(Items listed in a dataset)
┌──
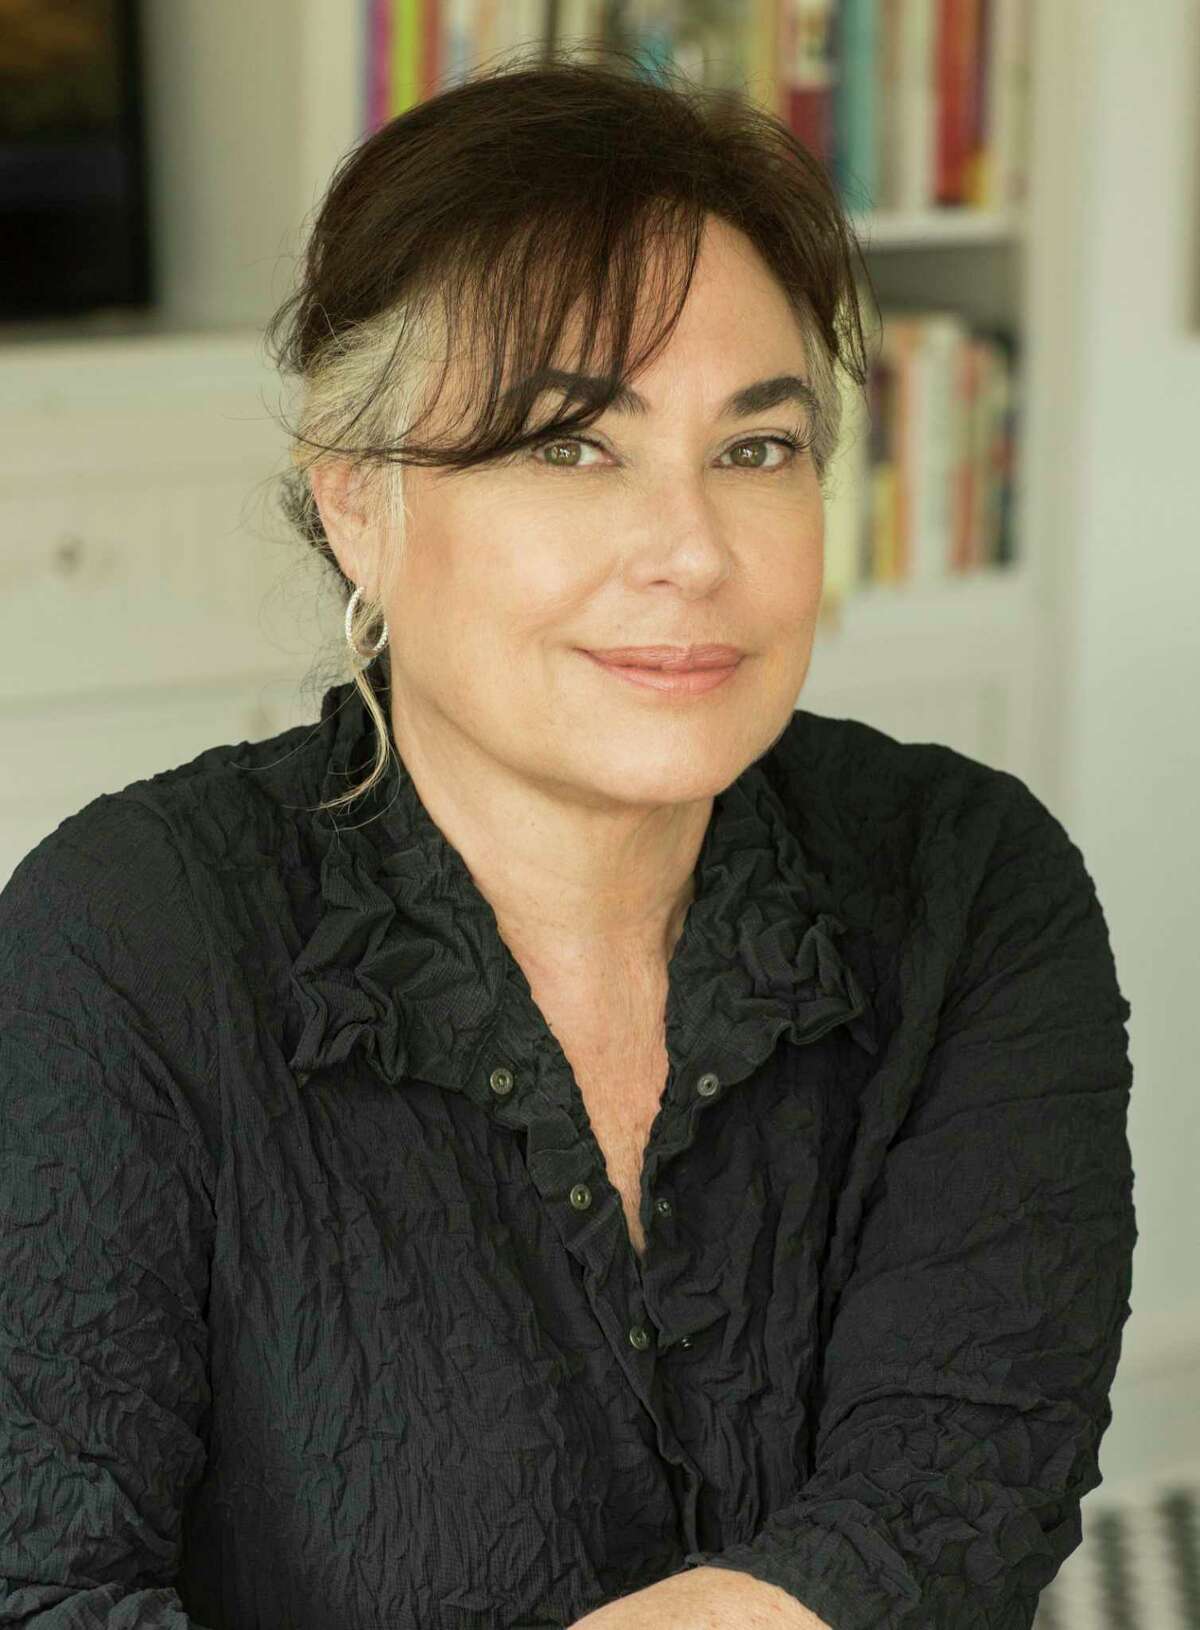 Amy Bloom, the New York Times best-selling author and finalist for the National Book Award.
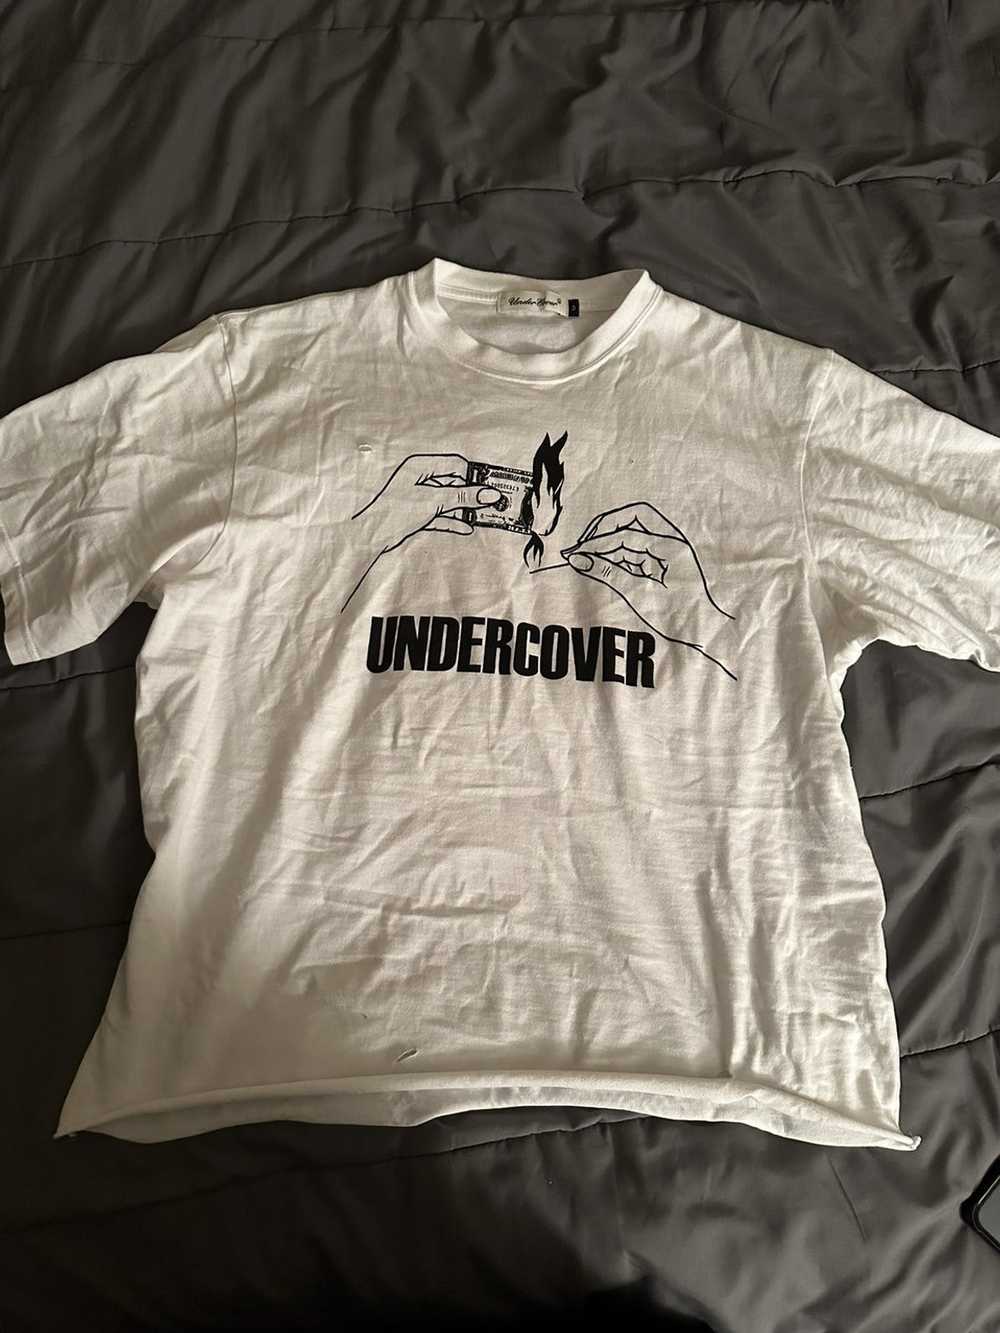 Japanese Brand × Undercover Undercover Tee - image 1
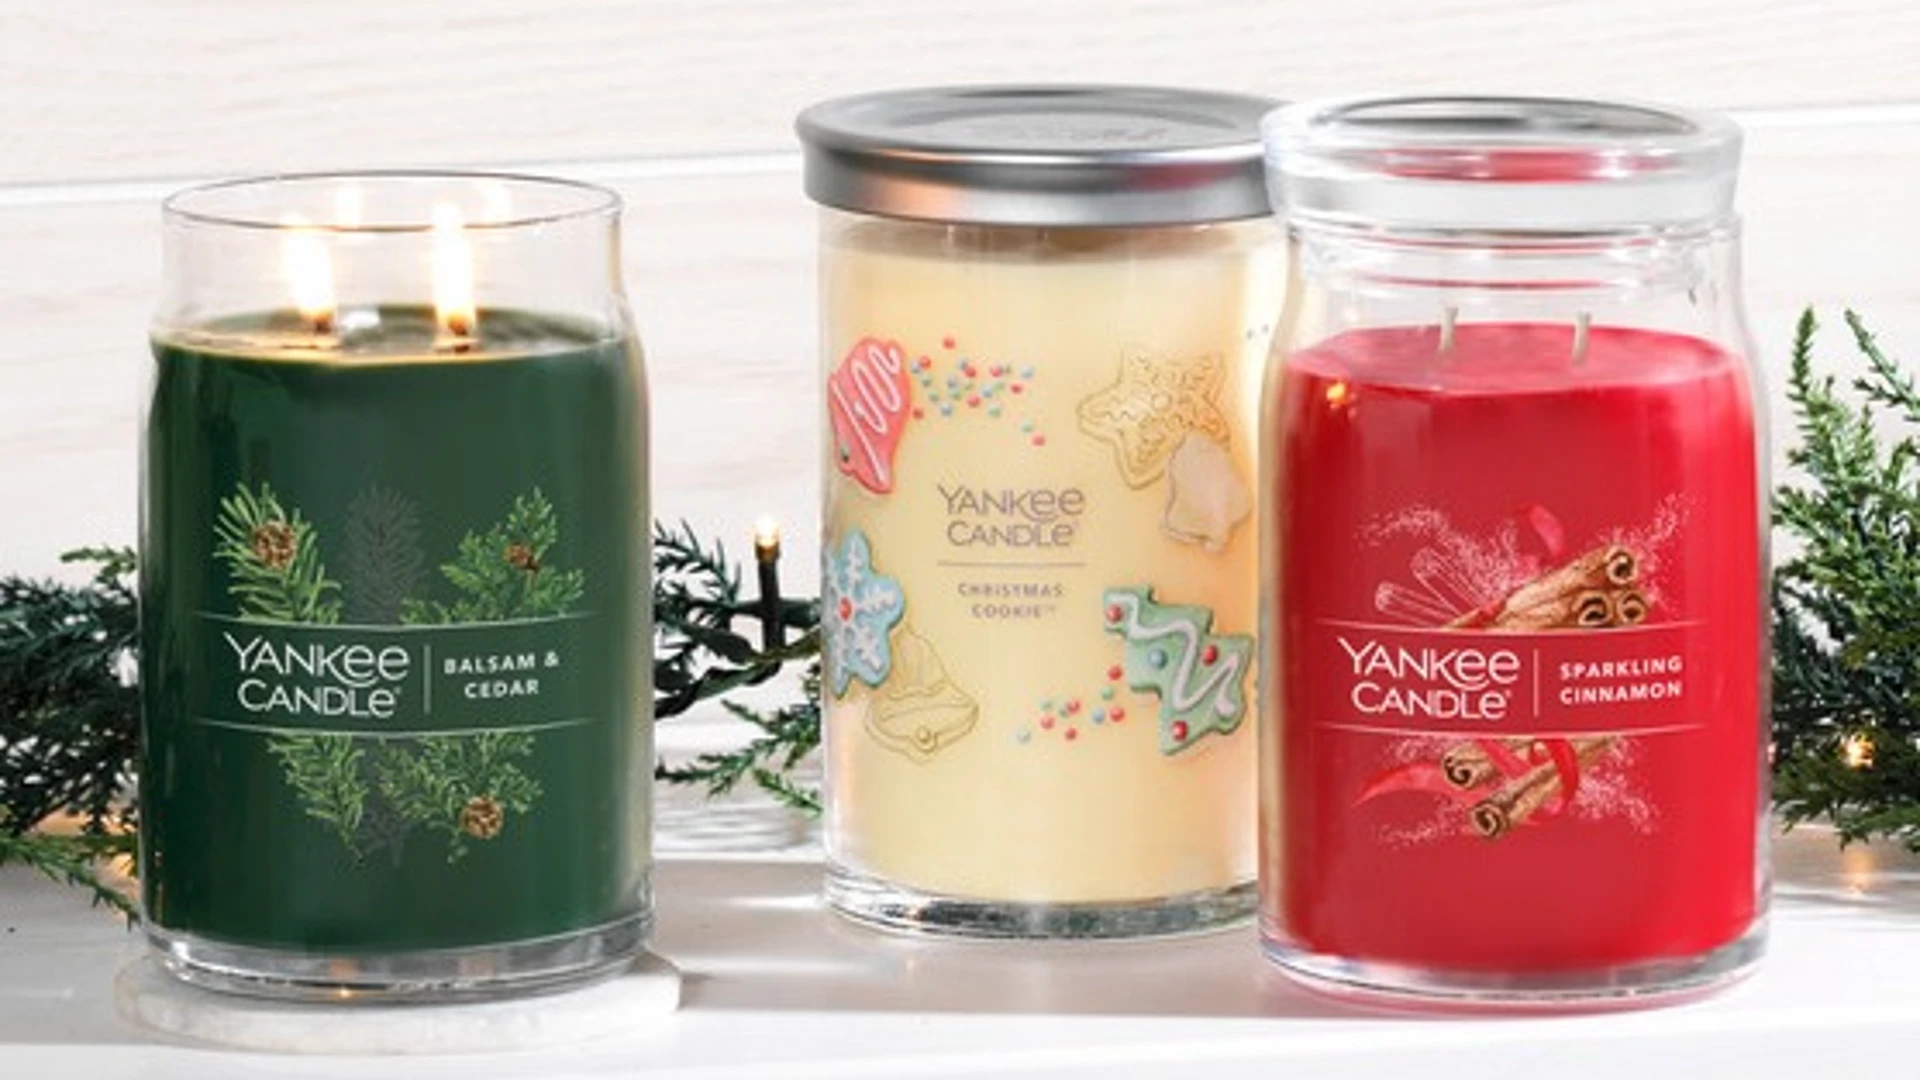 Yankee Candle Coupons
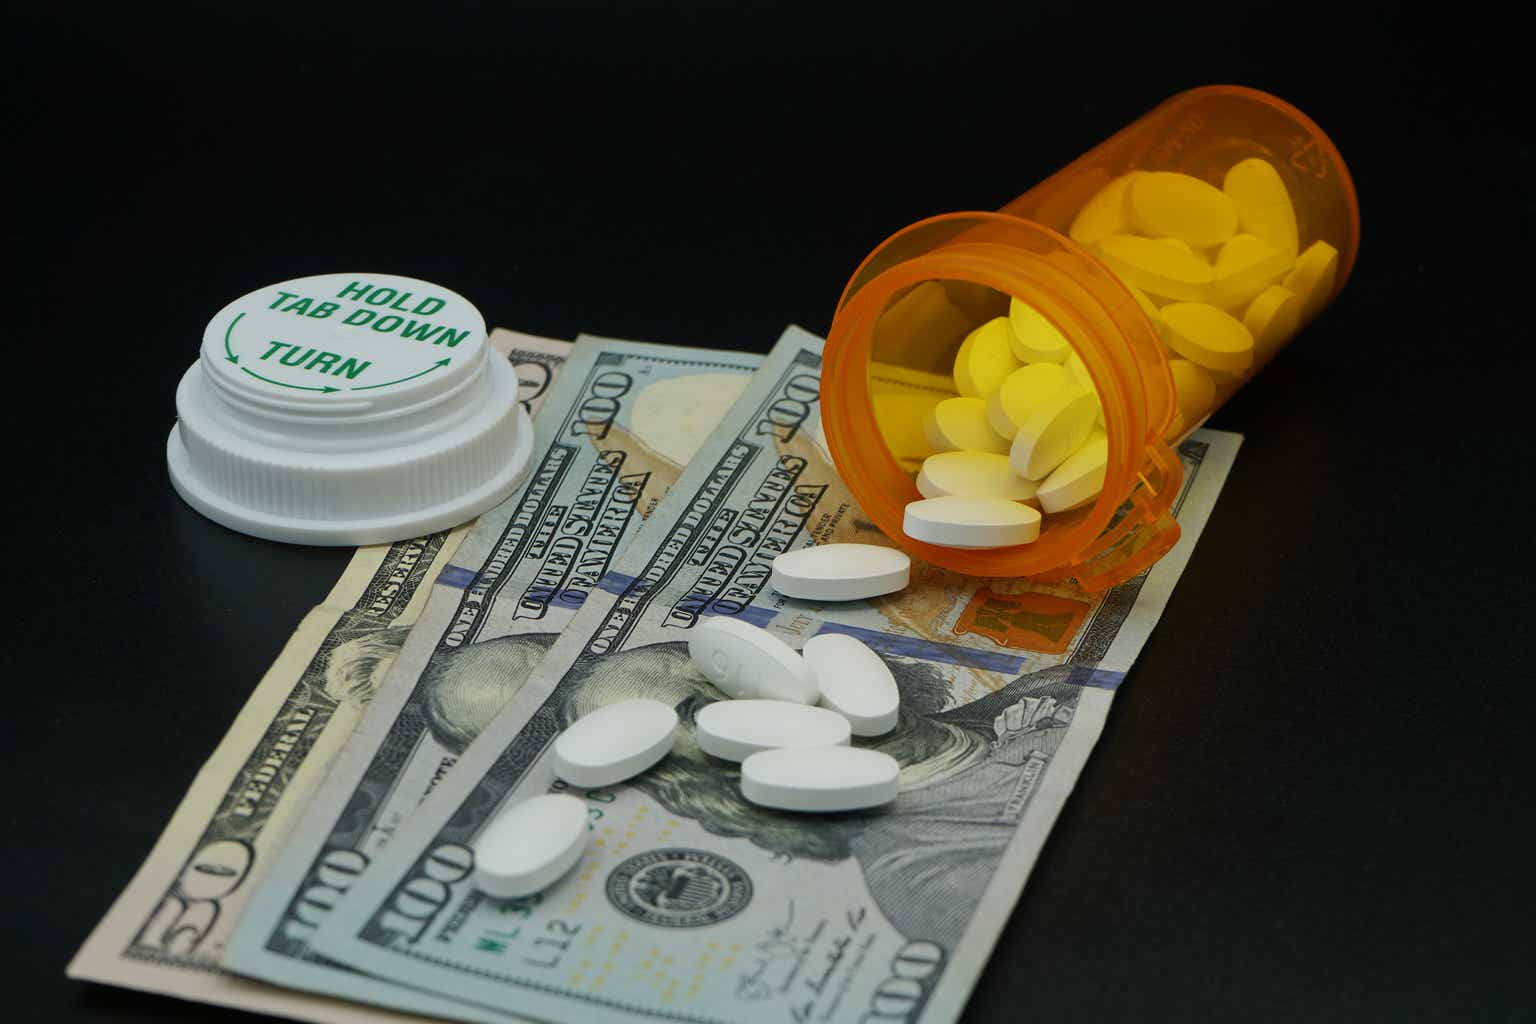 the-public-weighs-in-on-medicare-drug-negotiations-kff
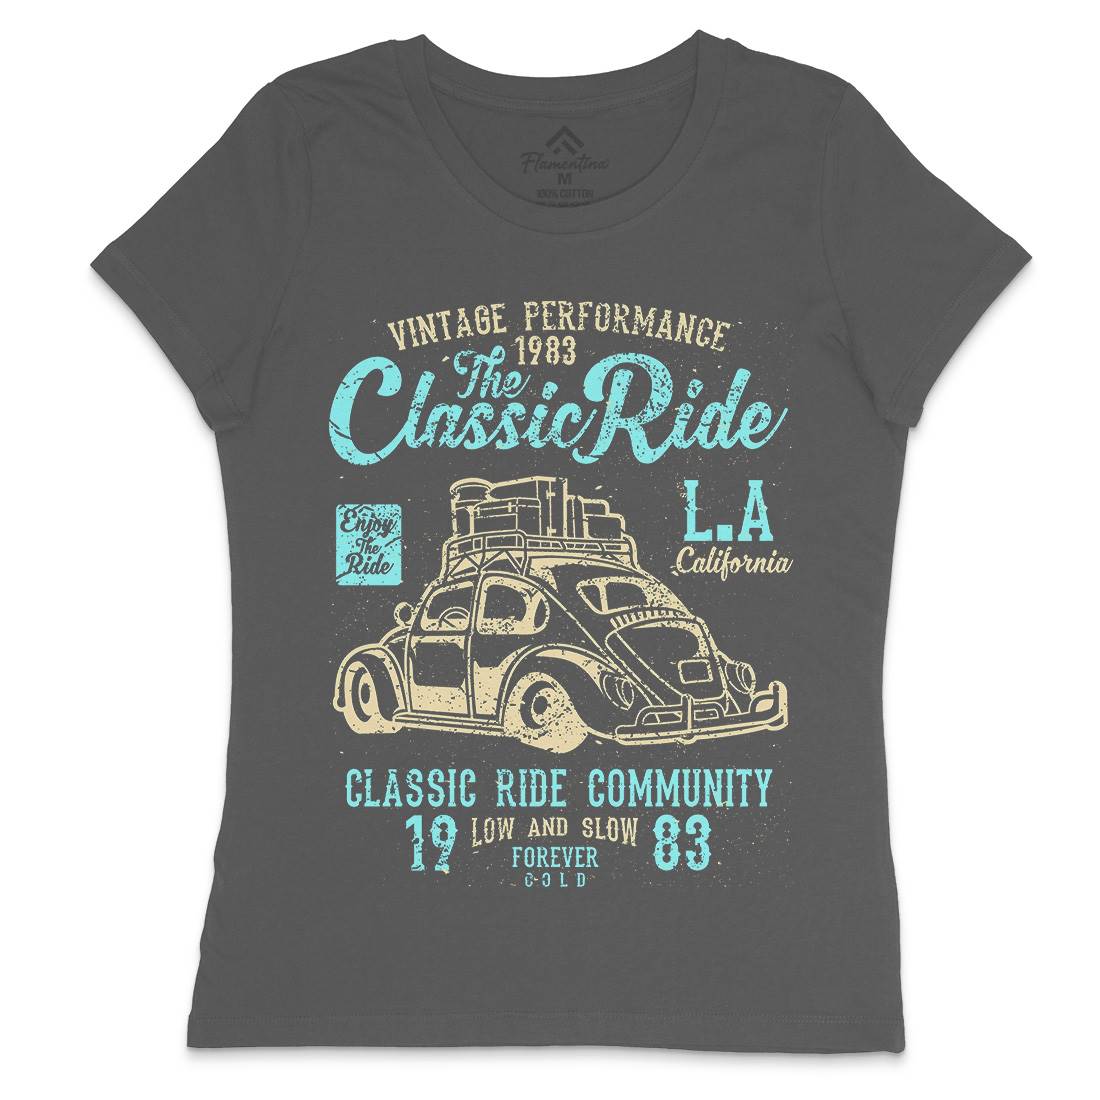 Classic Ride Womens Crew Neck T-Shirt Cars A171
└──
Brief: Counting the line with "the-public-weighs-in-on-medicare-drug-negotiations-kff" and the last line of the data above, transcribe those two lines and every line between them exactly, without the pictures.

Solution to the exercise:
 the-public-weighs-in-on-medicare-drug-negotiations-kff
 Classic Ride Womens Crew Neck T-Shirt Cars A171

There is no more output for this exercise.